■ Task prompt
Every line of the material needs an exact copy, apart from the images.

■ Given material
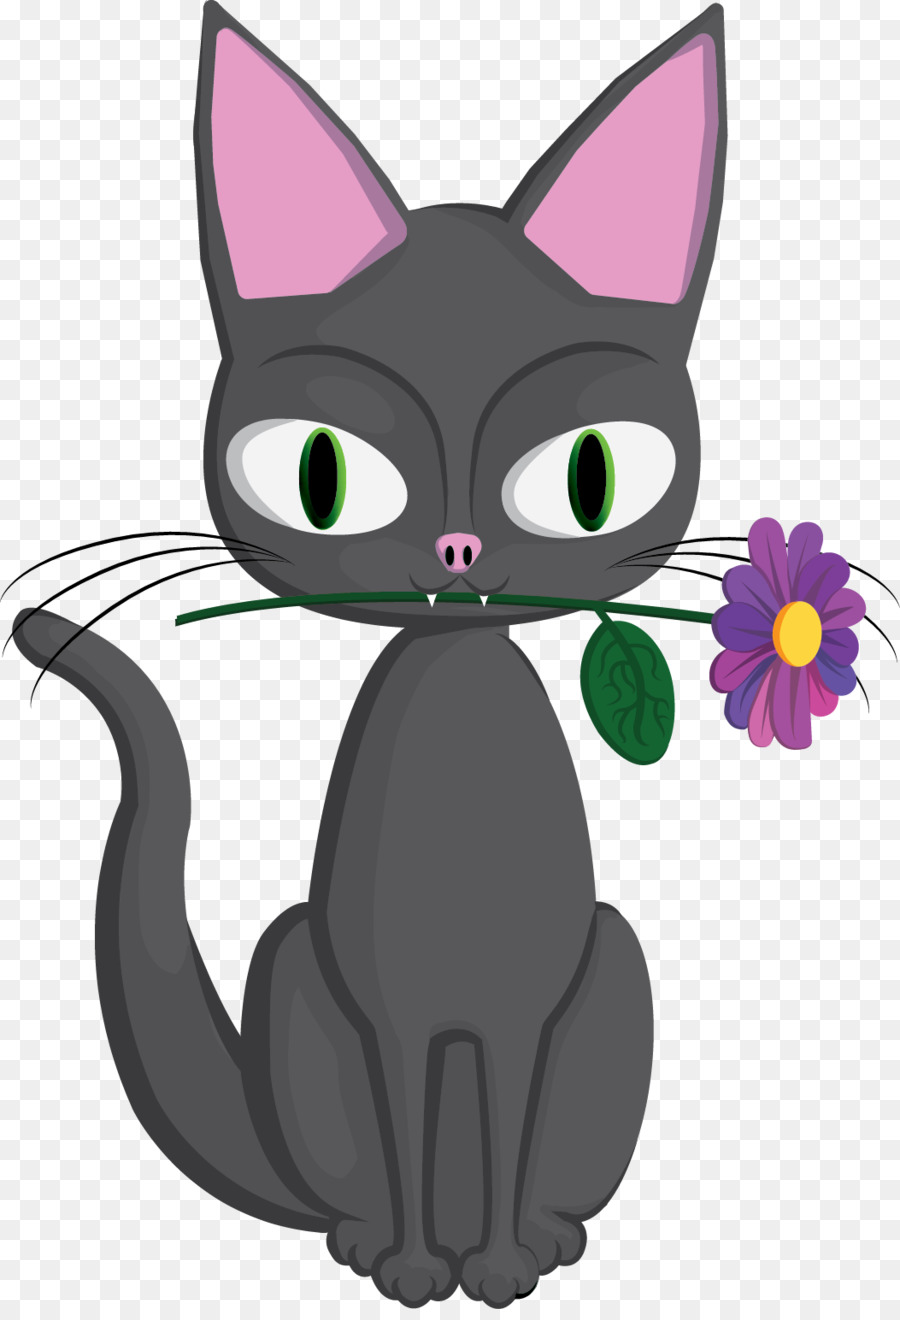 Korat Schnurrhaare von Kätzchen, Tabby cat Inländischen Kurzhaar-Katze - creative cat logo
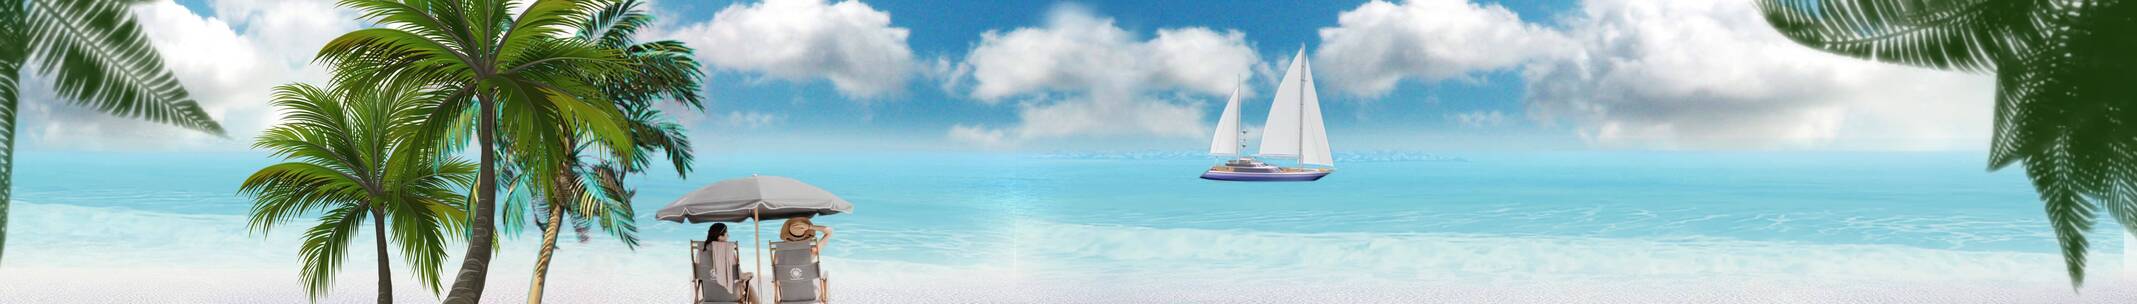 恋人海滩 海上冲浪 帆船出海 蓝天白云
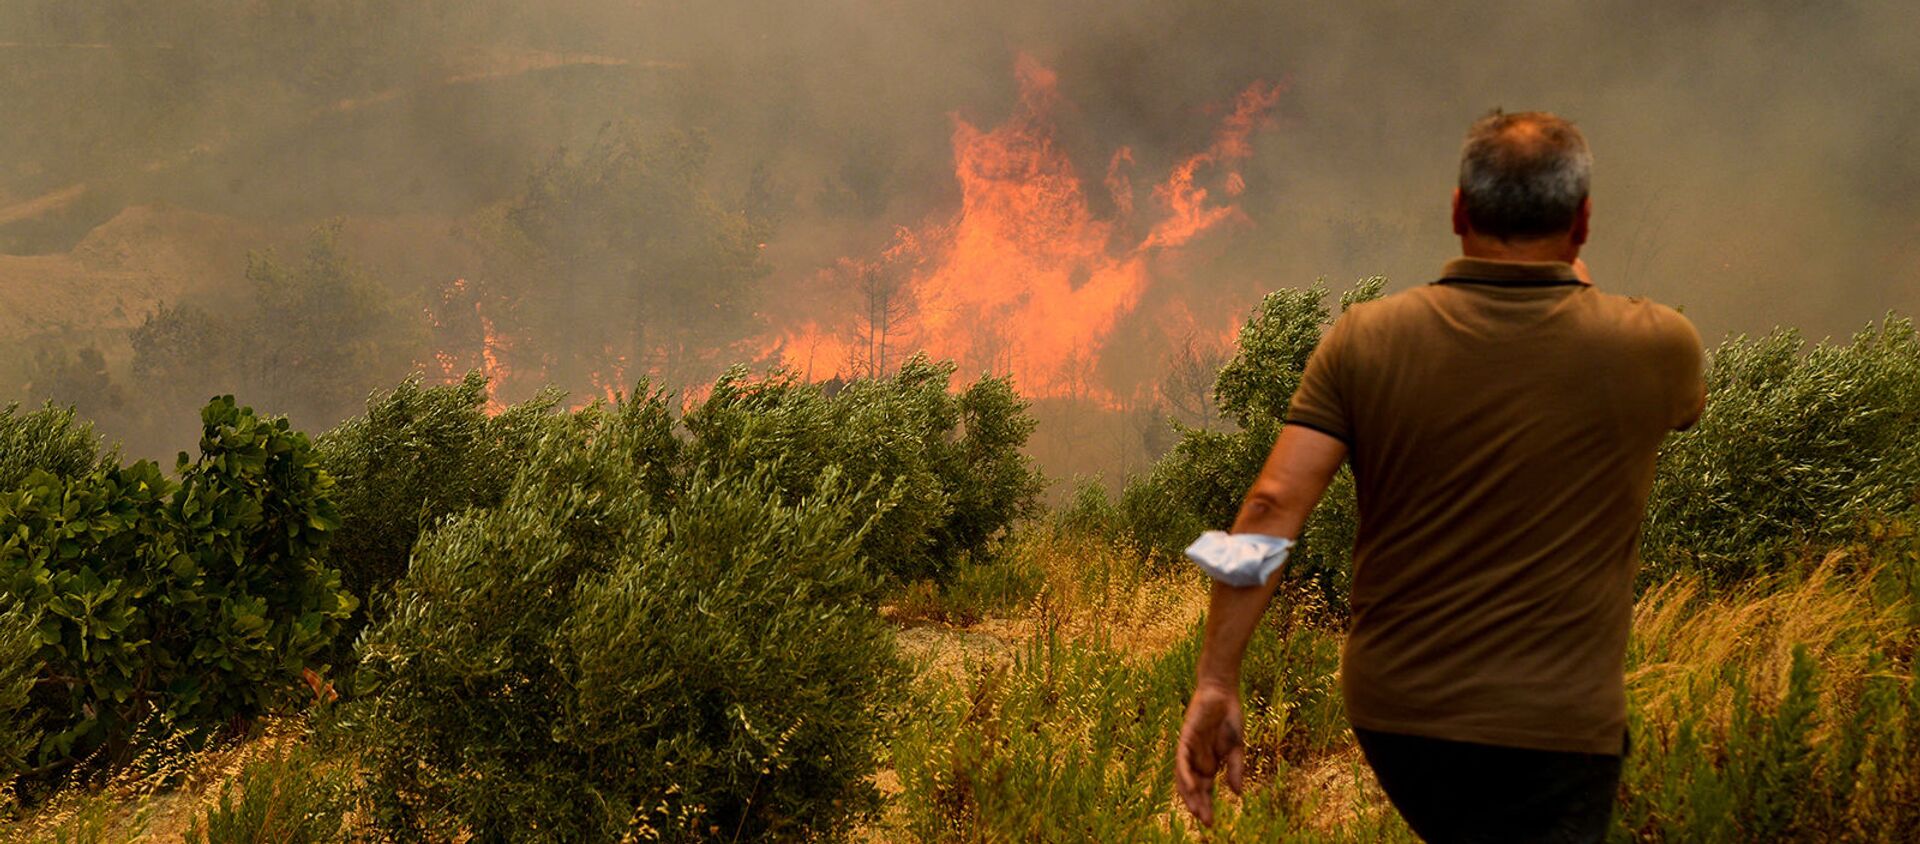 Мкжчина на фоне лесного пожара (29 июля 2021). Турция - Sputnik Արմենիա, 1920, 05.08.2021

■ Response for this exercise
 Korat Schnurrhaare von Kätzchen, Tabby cat Inländischen Kurzhaar-Katze - creative cat logo
 恋人海滩 海上冲浪 帆船出海 蓝天白云
 Мкжчина на фоне лесного пожара (29 июля 2021). Турция - Sputnik Արմենիա, 1920, 05.08.2021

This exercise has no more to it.